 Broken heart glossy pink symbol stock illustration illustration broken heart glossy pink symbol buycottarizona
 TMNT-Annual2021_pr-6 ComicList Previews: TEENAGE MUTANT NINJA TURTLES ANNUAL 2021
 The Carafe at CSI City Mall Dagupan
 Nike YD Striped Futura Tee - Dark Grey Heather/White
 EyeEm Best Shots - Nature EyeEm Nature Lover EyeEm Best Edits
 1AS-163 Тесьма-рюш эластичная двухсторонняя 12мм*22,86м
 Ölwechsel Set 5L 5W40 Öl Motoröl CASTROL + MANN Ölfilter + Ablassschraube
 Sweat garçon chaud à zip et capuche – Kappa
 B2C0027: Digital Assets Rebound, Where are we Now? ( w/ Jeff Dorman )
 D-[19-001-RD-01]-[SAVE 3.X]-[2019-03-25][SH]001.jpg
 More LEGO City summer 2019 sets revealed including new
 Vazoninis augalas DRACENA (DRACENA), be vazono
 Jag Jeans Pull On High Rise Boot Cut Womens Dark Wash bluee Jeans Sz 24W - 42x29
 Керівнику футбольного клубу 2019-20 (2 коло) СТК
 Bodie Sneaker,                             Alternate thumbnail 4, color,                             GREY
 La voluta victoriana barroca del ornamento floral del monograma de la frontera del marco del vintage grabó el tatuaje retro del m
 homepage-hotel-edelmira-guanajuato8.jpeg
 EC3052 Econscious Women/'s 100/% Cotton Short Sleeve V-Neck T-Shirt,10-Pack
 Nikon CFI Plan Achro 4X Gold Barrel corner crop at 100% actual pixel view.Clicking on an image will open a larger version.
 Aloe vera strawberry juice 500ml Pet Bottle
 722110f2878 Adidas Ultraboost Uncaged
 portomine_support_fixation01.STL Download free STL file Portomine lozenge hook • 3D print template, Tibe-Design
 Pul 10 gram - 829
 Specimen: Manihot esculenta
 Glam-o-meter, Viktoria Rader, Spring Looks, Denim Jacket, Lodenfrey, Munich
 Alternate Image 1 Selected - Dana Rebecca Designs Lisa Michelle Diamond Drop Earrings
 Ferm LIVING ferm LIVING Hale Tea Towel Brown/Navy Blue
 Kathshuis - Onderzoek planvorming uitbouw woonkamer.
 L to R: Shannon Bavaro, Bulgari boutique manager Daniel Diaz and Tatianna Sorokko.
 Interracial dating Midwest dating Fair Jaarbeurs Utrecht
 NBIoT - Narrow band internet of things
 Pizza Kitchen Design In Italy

::::::

Lines holding the string "Dark": find them in the listing above and copy each one.

ANSWER BOX:
 Nike YD Striped Futura Tee - Dark Grey Heather/White
 Jag Jeans Pull On High Rise Boot Cut Womens Dark Wash bluee Jeans Sz 24W - 42x29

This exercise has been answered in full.